Rationale: Small-cell undifferentiated carcinoma (SmCC), as an aggressive malignancy, are most commonly arising in lung. Extrapulmonary SmCC is rare. It was reported that SmCC accounts for only 0.1% to 0.2% of colorectal cancers. Currently, no standard treatment regimen is recommended. Here, we presented a case of SmCC from rectum. The patient achieved pathological complete response (pCR) after surgery, which makes us feel gratified, and we are also eager to share this successful case with more peers to provide more references for clinical decision-making.

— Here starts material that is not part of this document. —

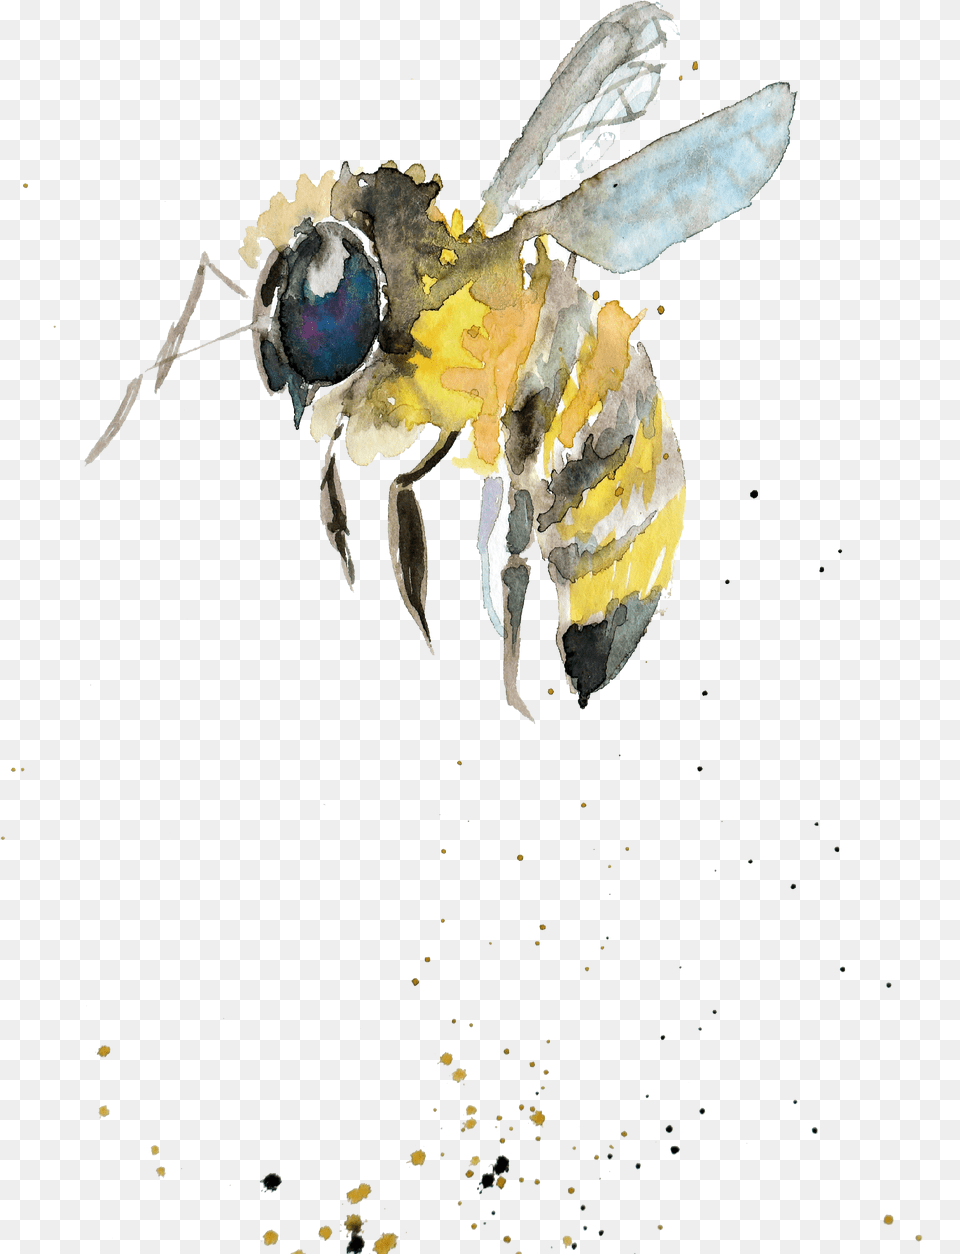 Bumblebee Watercolor Painting Drawing Insect Watercolor Watercolor Bumble Bee, Animal, Invertebrate, Wasp, Apidae Free Transparent Png

Patient concerns: A 32-year-old male patient presented himself to our outpatient clinic with defecation difficulty for more than 1 month in November 2021.

Diagnoses: Colonoscopy revealed a rectal mass 4 cm from the anal margin. Pelvic magnetic resonance imaging revealed a mass in the rectal wall, consistent with the appearance of rectal carcinoma. Cancer cell was found after several biopsies and the immunohistochemistry indicated rectal SmCC.

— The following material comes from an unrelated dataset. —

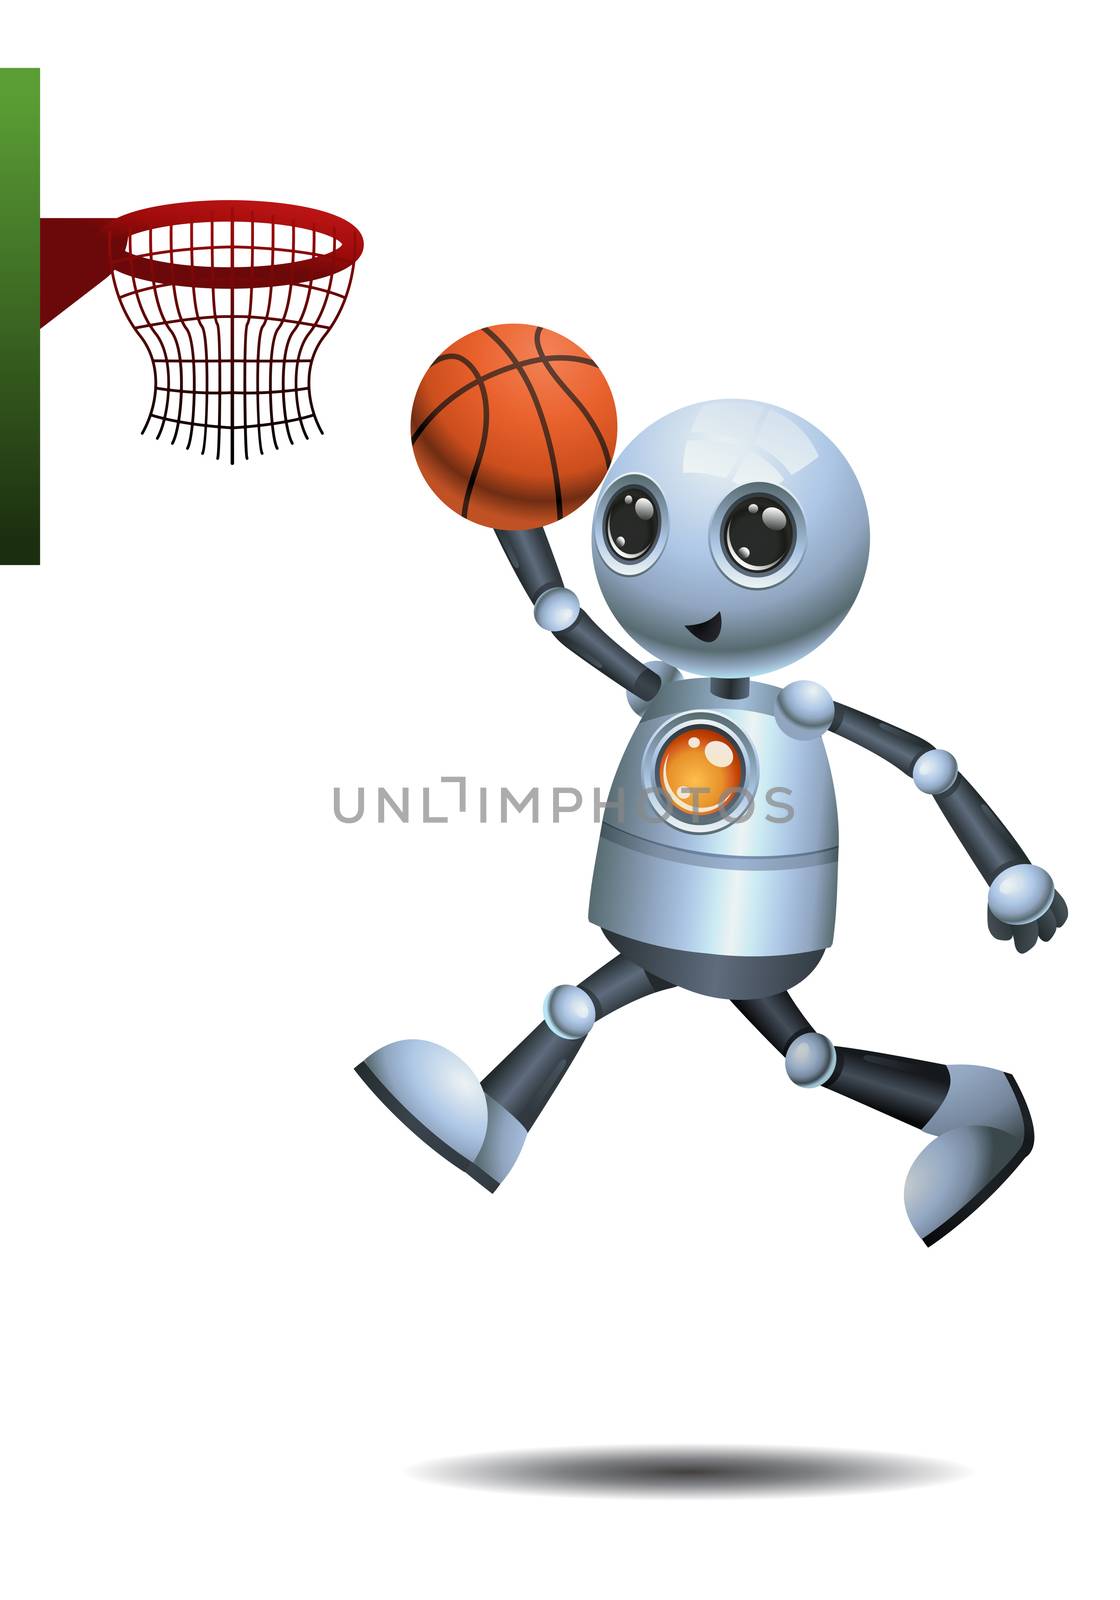 little robot play basket ball by onime

Interventions: Considering that the patient is very young and the malignancy of SmCC is very high, our treatment plan is also very cautious. Many literatures were also searched, but the literature on rectal SmCC is few and the prognosis is poor. Subsequently, we combined the treatment principles of rectal cancer and small cell lung cancer to develop an individualized treatment plan for patients. The patient received neoadjuvant chemoradiotherapy (nCRT) (short-course radiotherapy: 25 Gy/5 fractions, chemotherapy: etoposide + nedaplatin) combined with immune checkpoint inhibitors (ICIs) (tislelizumab). Then, the patient received laparoscopic radical transabdominal resection of rectal carcinoma with a temporary stoma on June 27, 2022.

Outcomes: Postoperative pathology showed that there was chronic inflammation in the rectal mucosa without residual cancer, which meant that the patient achieved pCR after nCRT combined with ICIs. On August 15, 2024, the patient returned to our hospital for review, and no signs of recurrence and metastasis were found. By the time this article is submitted, the patient has survived for more than 35 months.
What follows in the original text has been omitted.